== Work required ==
Copy down every line of the data that follows exactly. Omit the pictures.

== Data ==
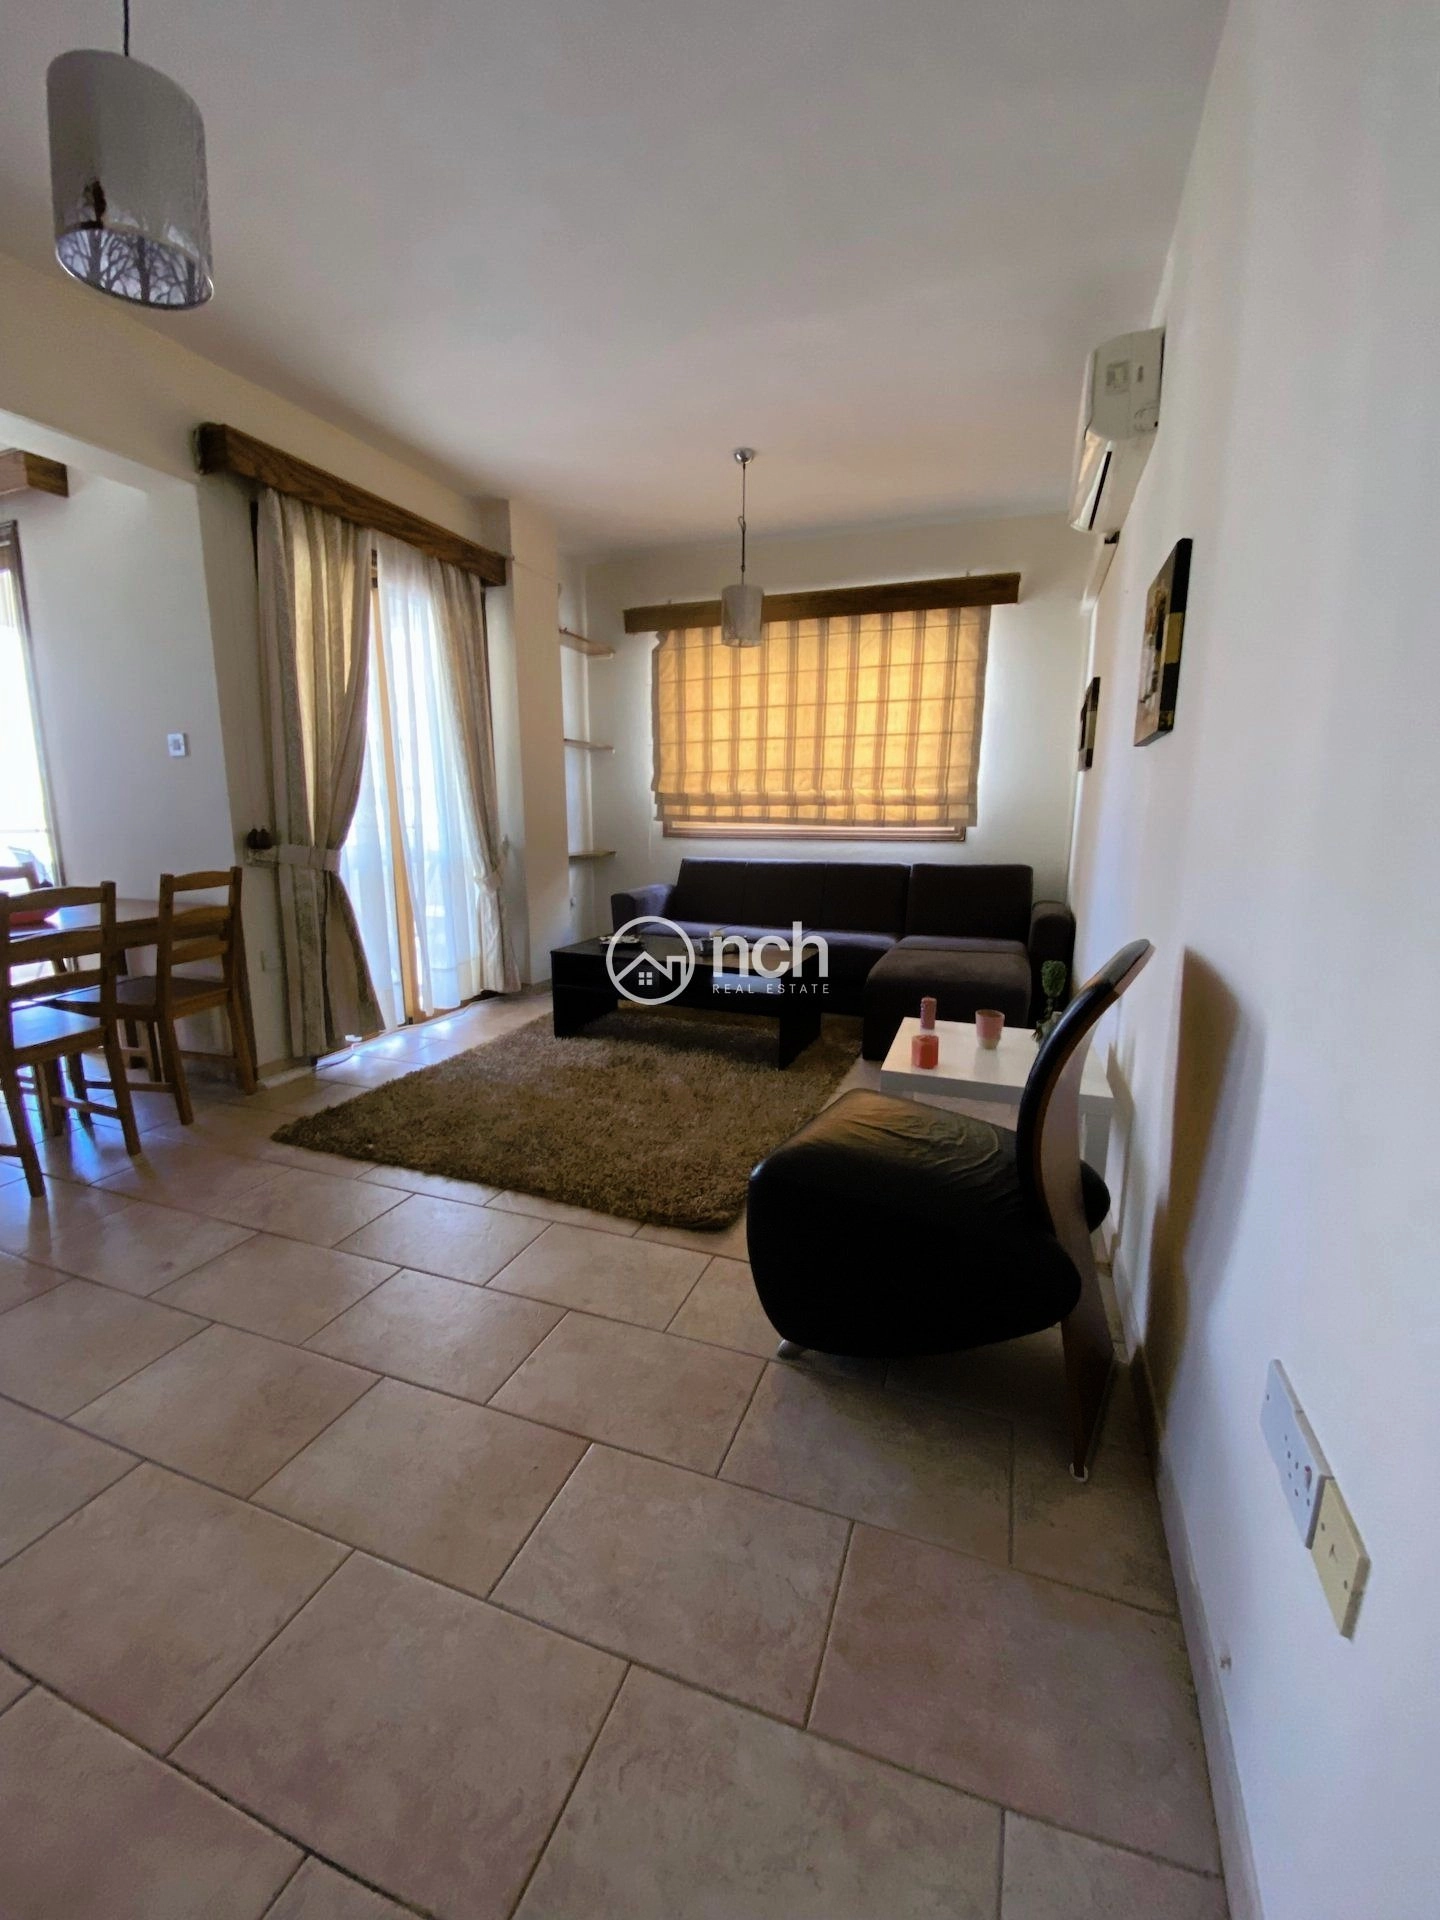 2 Bedroom Apartment for Rent in Strovolos – Acropolis, Nicosia District
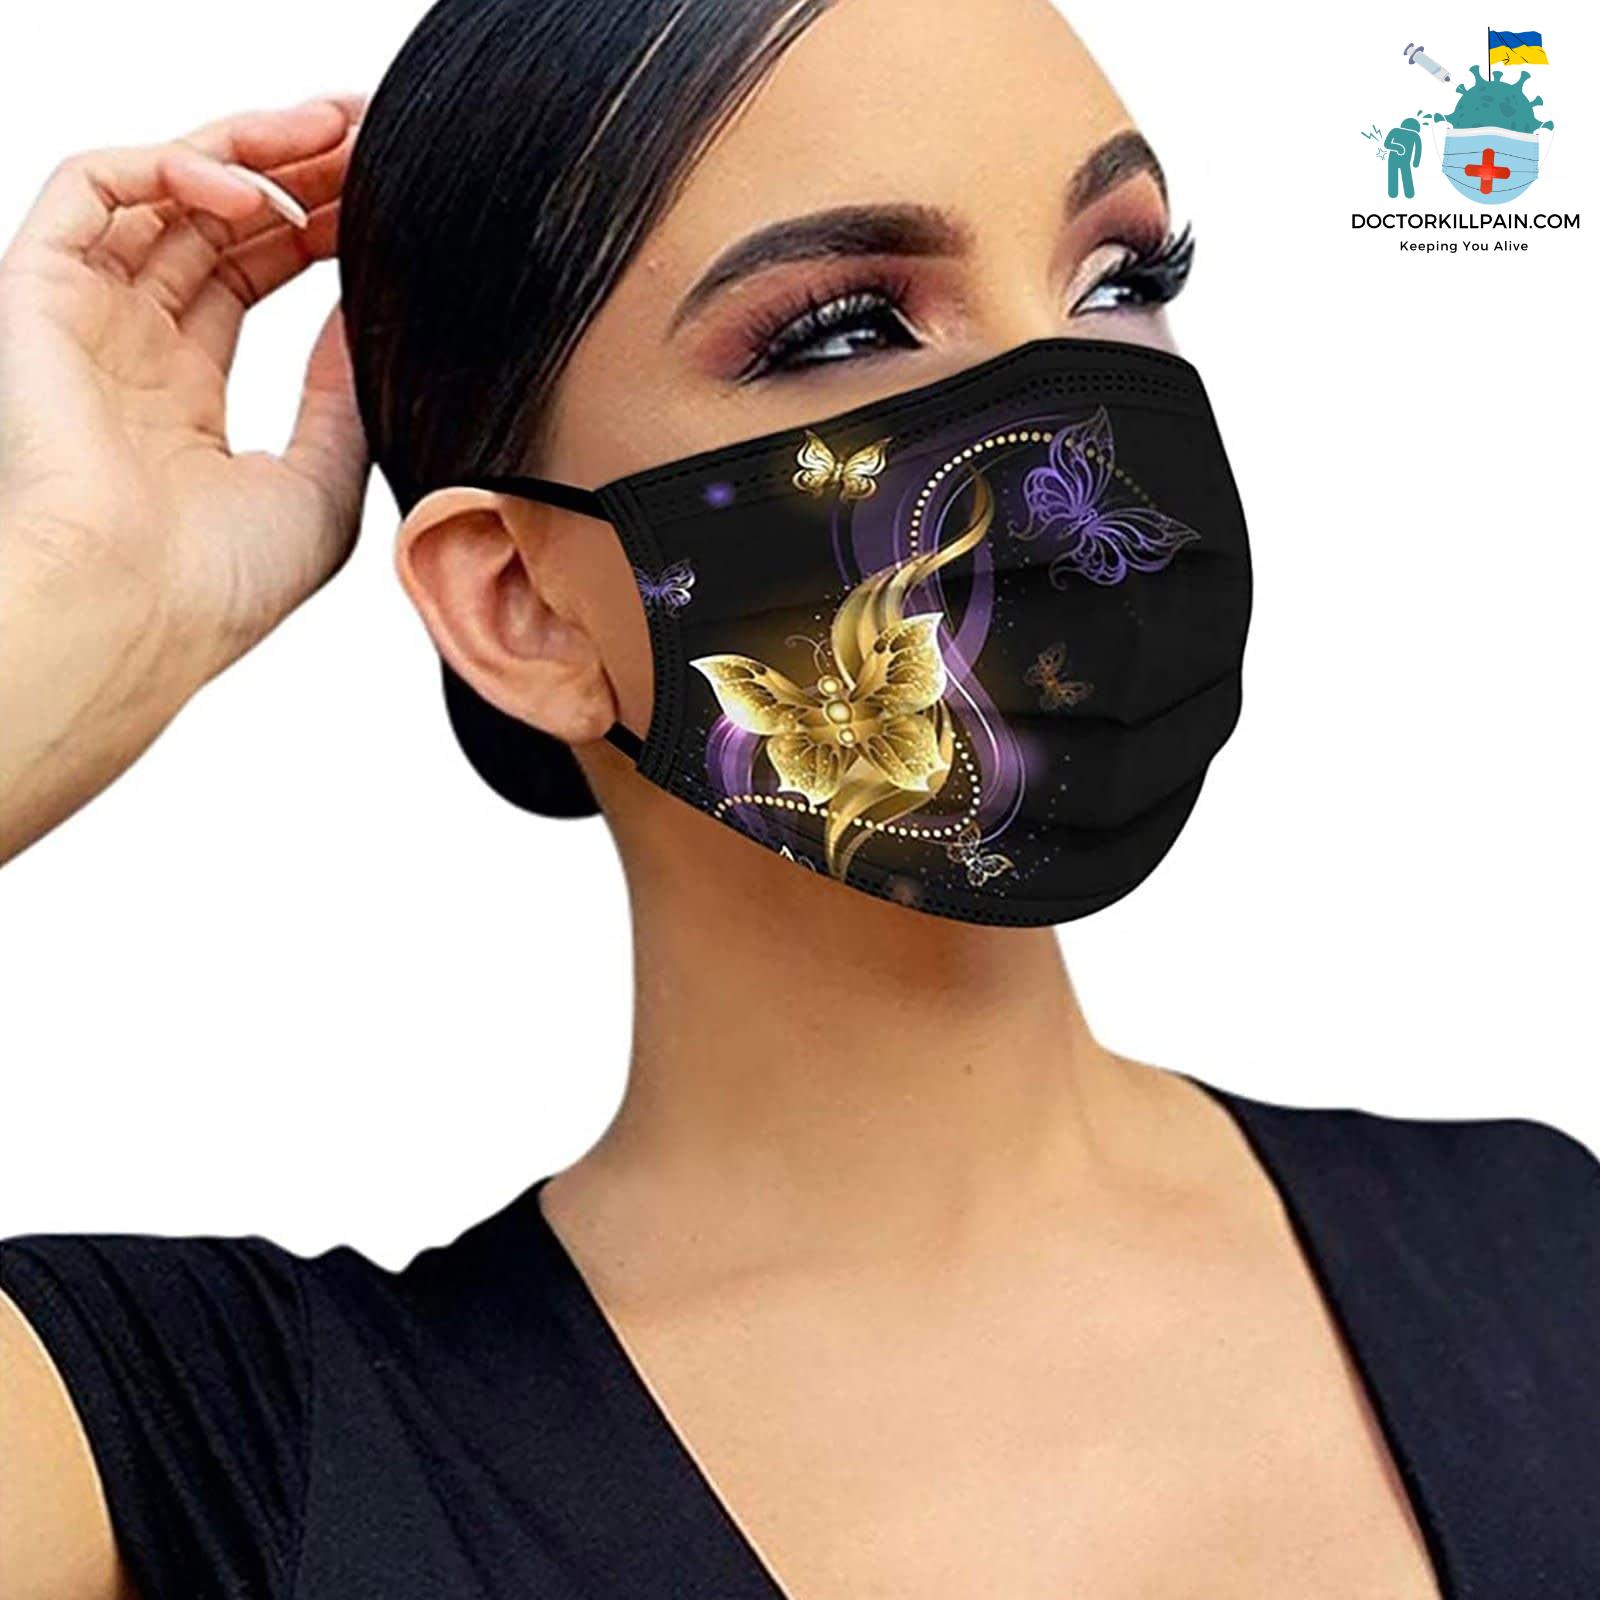 Adult Face Mask. 50pc Disposable Masks Butterflies Mask for Women Fashion Covers Fashion Mouths 3-ply Proteccion Face Masks Halloween Cosplay
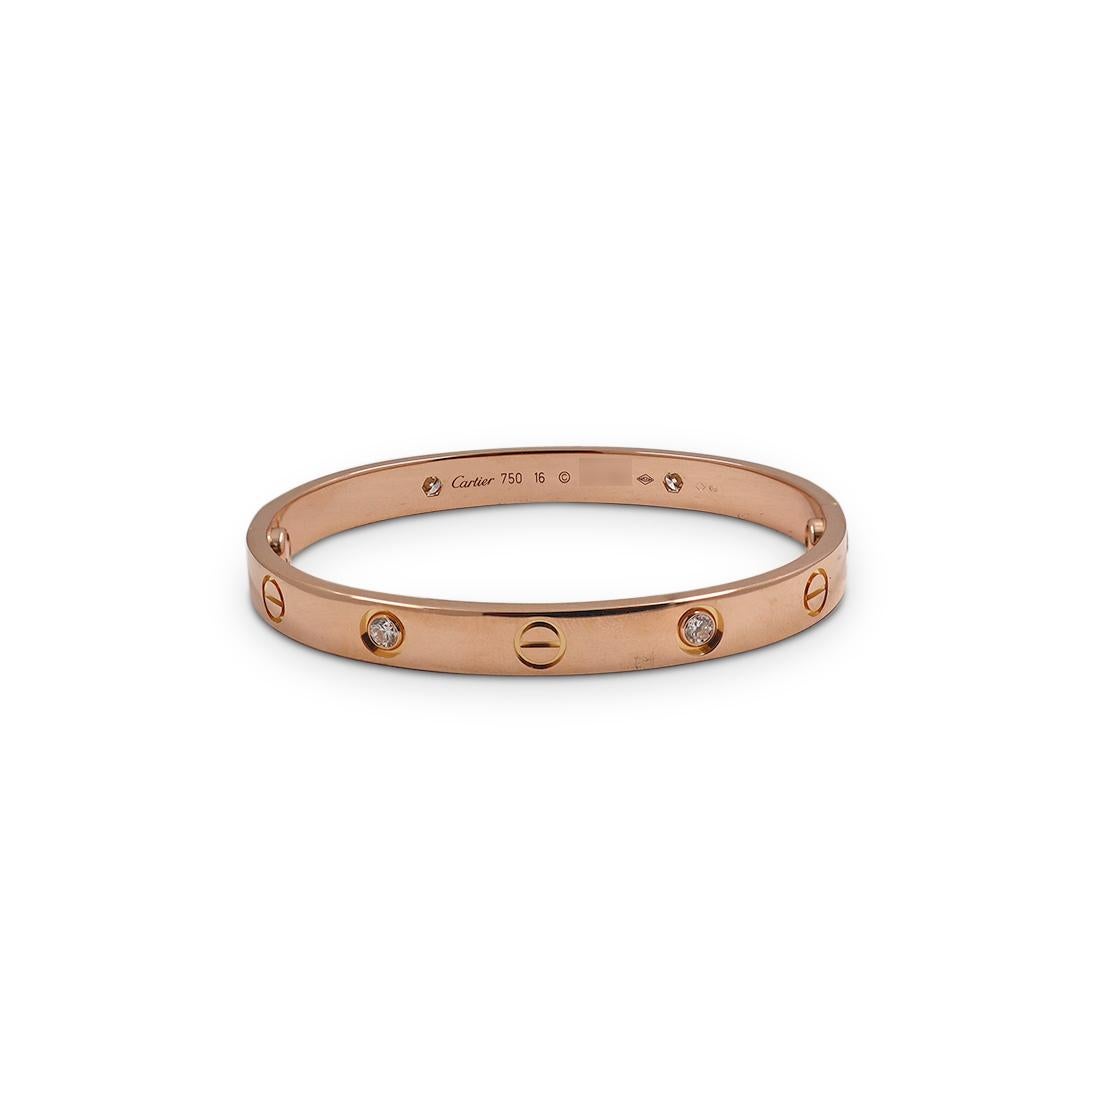 Authentic Cartier 'Love' bangle bracelet crafted in 18 karat rose gold set with four round brilliant cut diamonds (G-H in color, VS clarity) weighing an estimated 0.42 carats total. Signed Cartier, 750, 16, with serial number and hallmarks. The
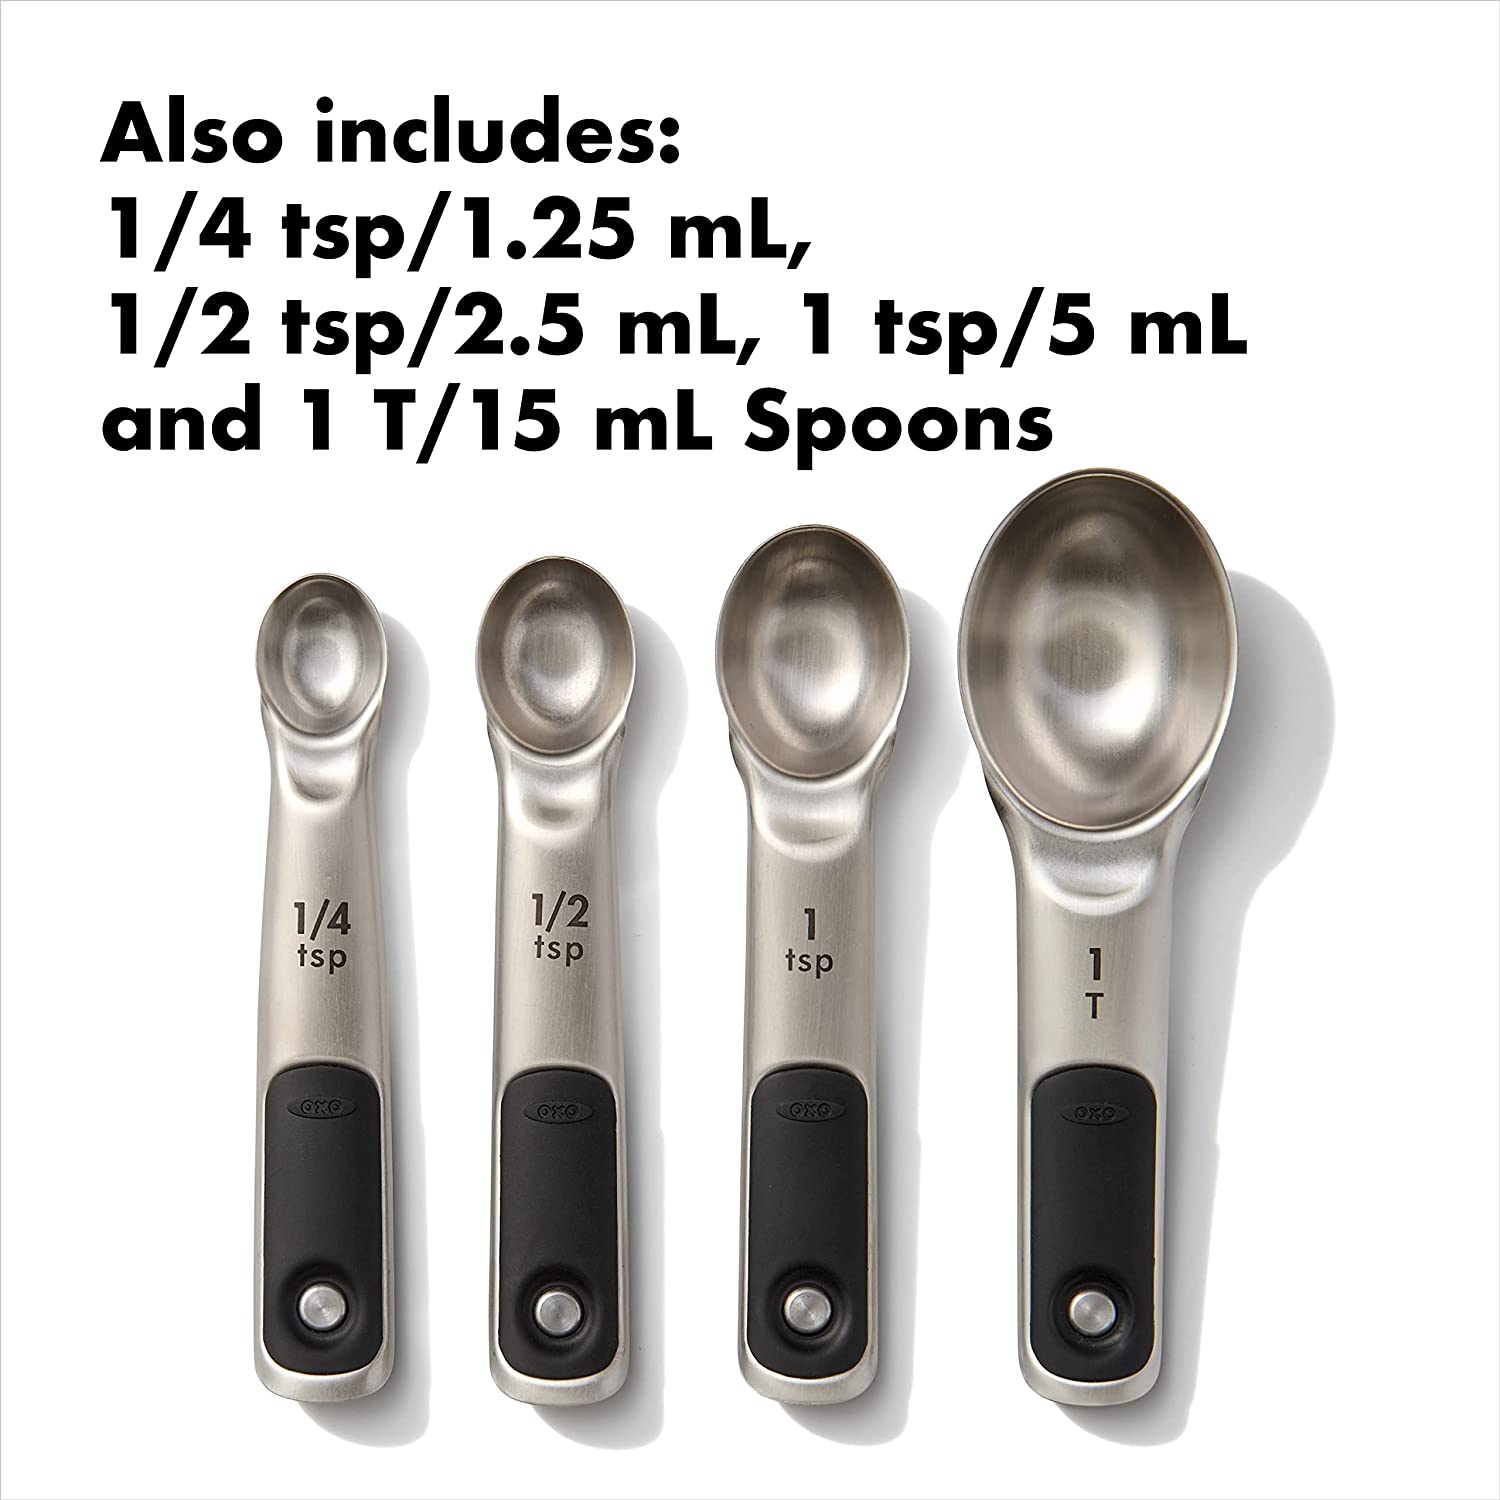 OXO Good Grips 8 Piece Stainless Steel Measuring Cups and Spoons

== Solution for this task ==
 2 Bedroom Apartment for Rent in Strovolos – Acropolis, Nicosia District
 Adult Face Mask. 50pc Disposable Masks Butterflies Mask for Women Fashion Covers Fashion Mouths 3-ply Proteccion Face Masks Halloween Cosplay
 Authentic Cartier 'Love' bangle bracelet crafted in 18 karat rose gold set with four round brilliant cut diamonds (G-H in color, VS clarity) weighing an estimated 0.42 carats total. Signed Cartier, 750, 16, with serial number and hallmarks. The
 OXO Good Grips 8 Piece Stainless Steel Measuring Cups and Spoons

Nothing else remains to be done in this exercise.